Per apprezzare il dono della vita dobbiamo imparare a desiderare e a fare esperienza della noia. In questo modo la vita non si appiattisce, ma genera un cambiamento della persona e diventa “La cumbia di chi cambia” per citare il titolo di una canzone di Adriano Celentano: “[…] Se c’è qualcuno c’ ha voglia di cambiare/ si faccia avanti/ si faccia avanti […]”. Per cambiare il volto della nostra esistenza non possiamo fare a meno della nostra vera natura, della “natural virtù” di cui parlava Leopardi in Sopra il ritratto di una bella donna…
Soltanto la noia ci permetterà di comprendere cosa stiamo aspettando, quale “rondine”, quale “amore” vogliamo che torni ad allietare le nostre giornate, quale “passo” manca alla nostra vita.

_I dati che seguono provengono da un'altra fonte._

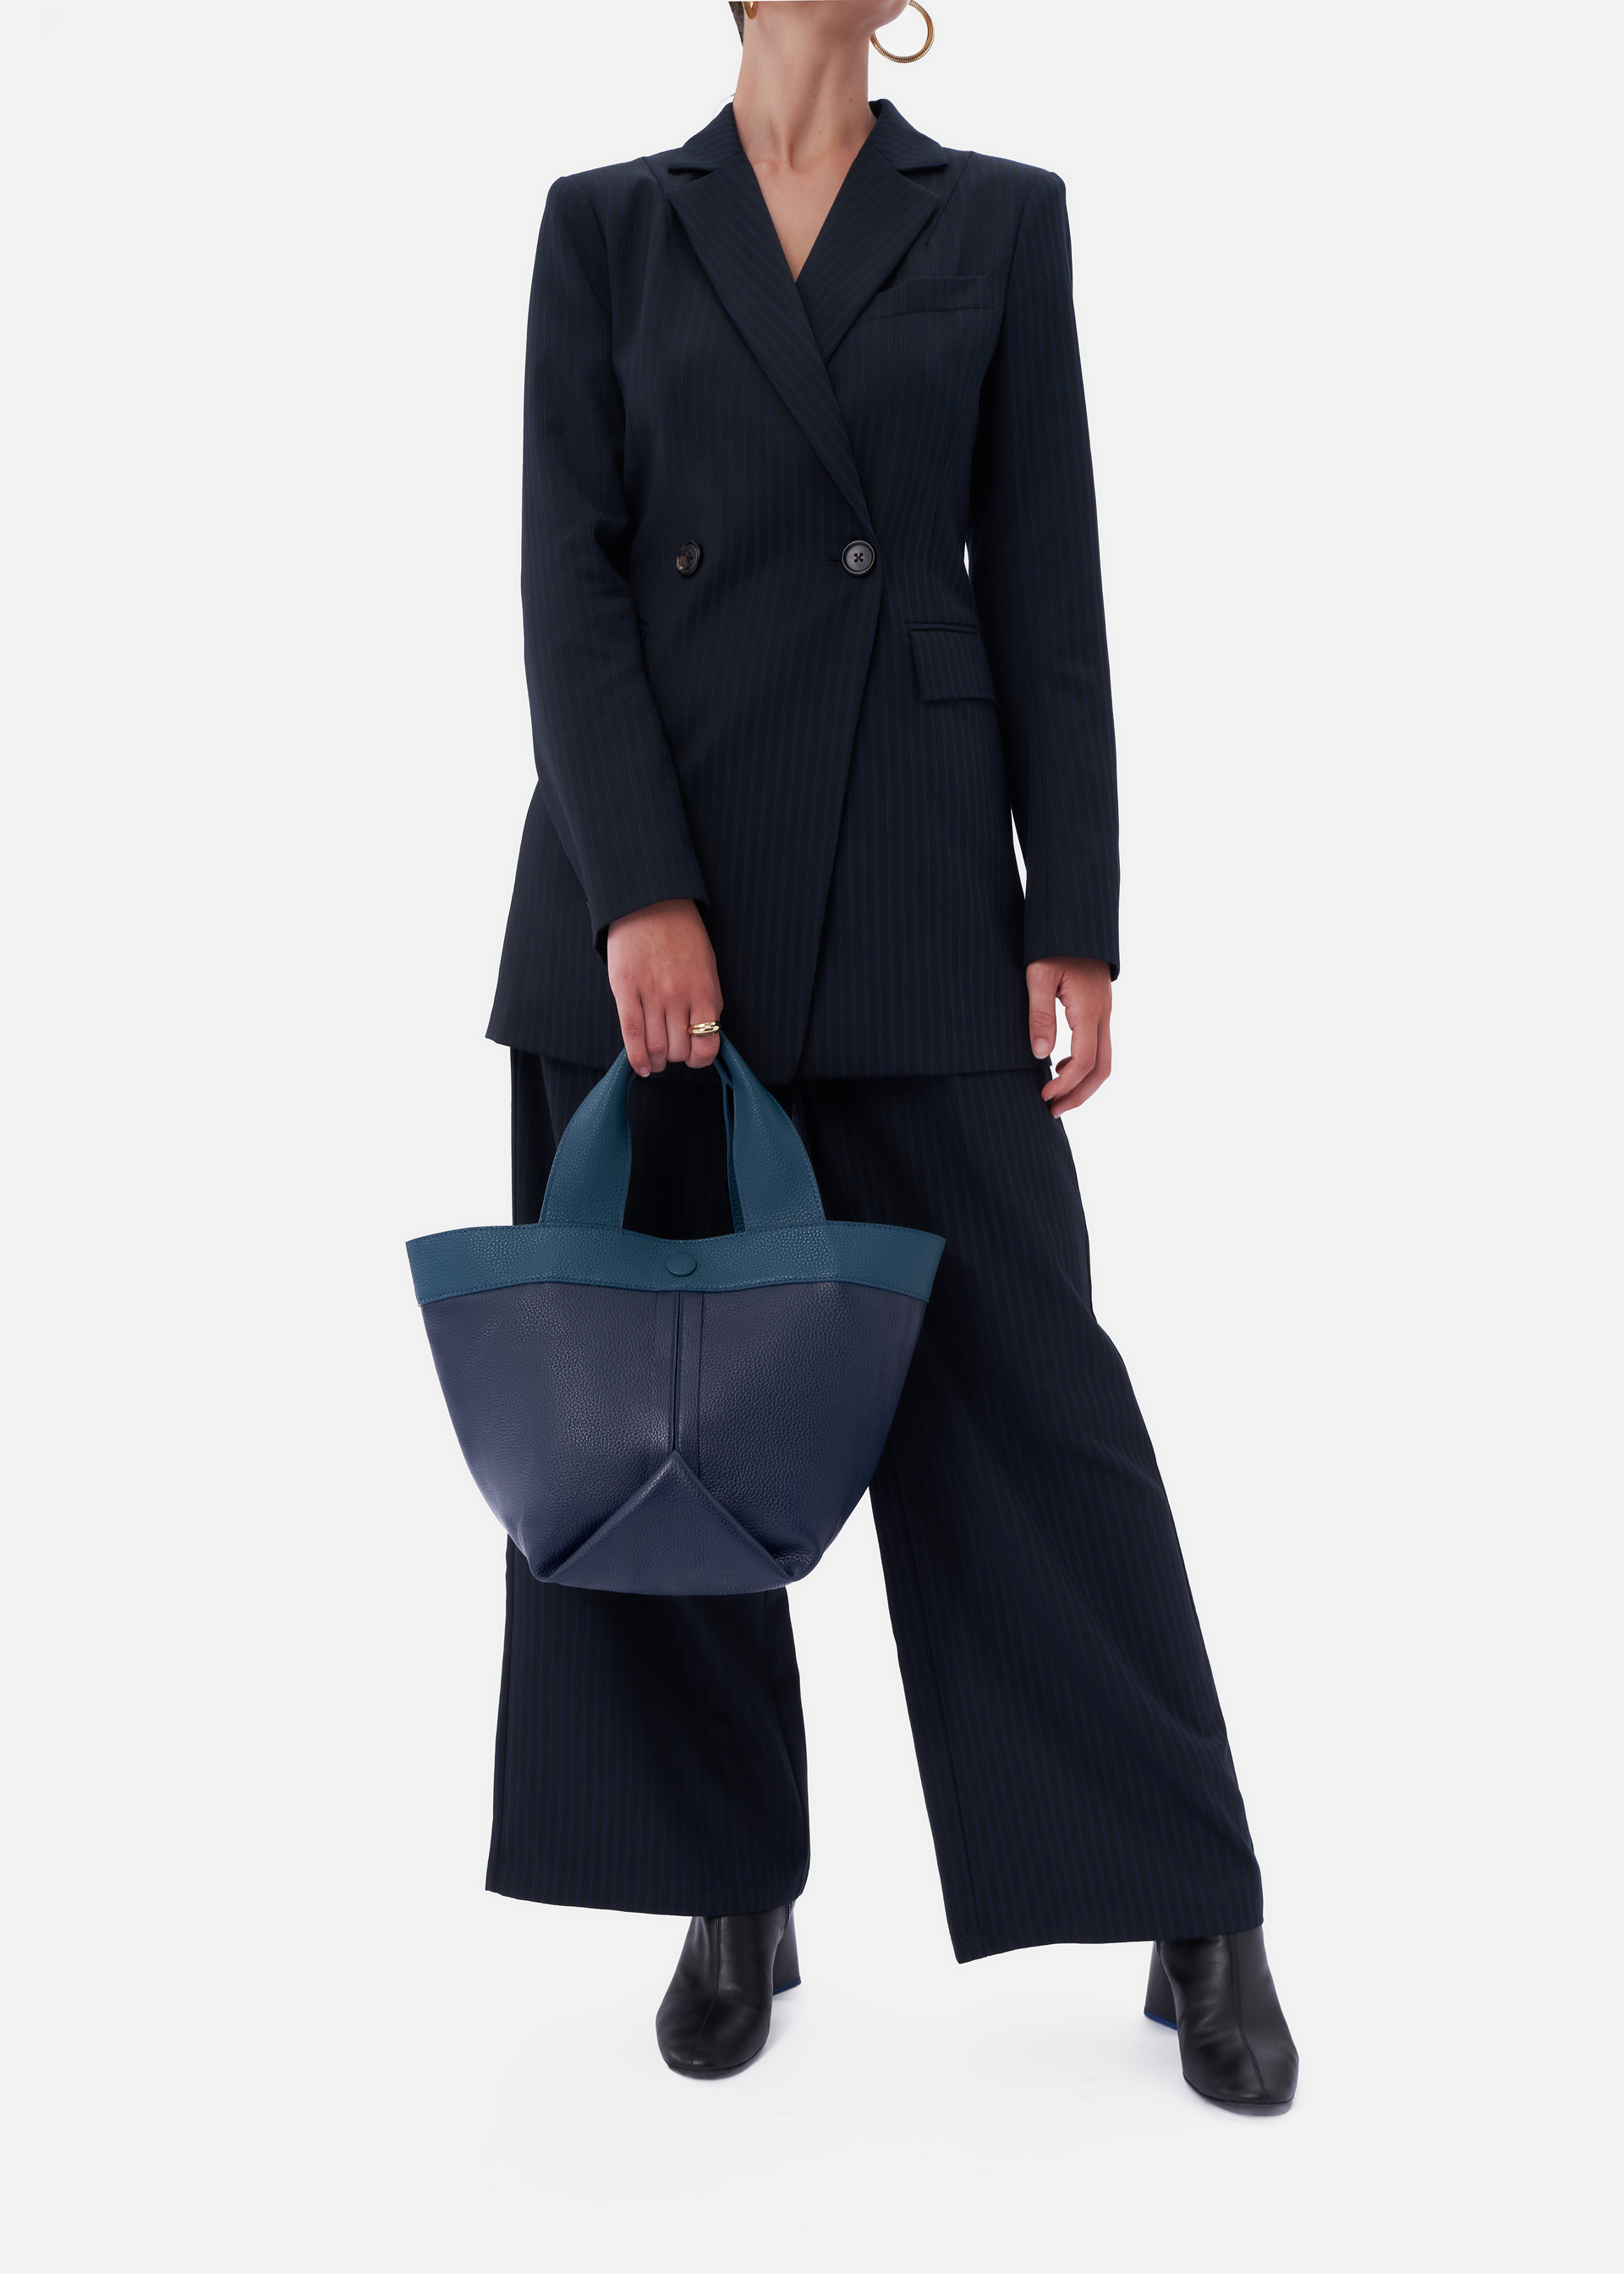 Gusset medium pebble leather tote in emerald forest / blazer blue

La cumbia della noia che canta Angelina Mango è la condizione per riconoscere il “volo a metà” l’ “unico amore” che val la pena condividere, come cantava Pino Mango nel 2002 e la figlia, con la splendida cover proposta nella quarta serata del Festival di Sanremo di quest’anno: “Nonostante tu sia/ la mia rondine andata via/ sei il mio volo a metà/ sei il mio passo nel vuoto/ dove sei? Dove sei?/ Dove sei? Dove sei? Dove sei?/ unico amore che rivivrei […]”. La vita non è mai avara di risposte, quando si rimane aperti a lei con domande precise, quando si assapora il gusto del vuoto e dell’insoddisfazione. La noia non è chiusura, ma apertura, attesa di un incontro che dia valore alla vita, di un significato che riempia il vuoto interiore, come viene espresso dai personaggi di Cesare Pavese in Piscina feriale: “[…] siamo tutti inquieti, chi seduto, chi disteso, qualcuno contorto, e dentro di noi c’è un vuoto, un’attesa che ci fa trasalire la pelle nuda”.
Siamo divorati dalla noia perché attendiamo.
D’altronde, ciò che rende bello il deserto è che “da qualche parte nasconde un pozzo”, come avrebbe detto il Piccolo Principe di Antoine de Saint-Exupéry.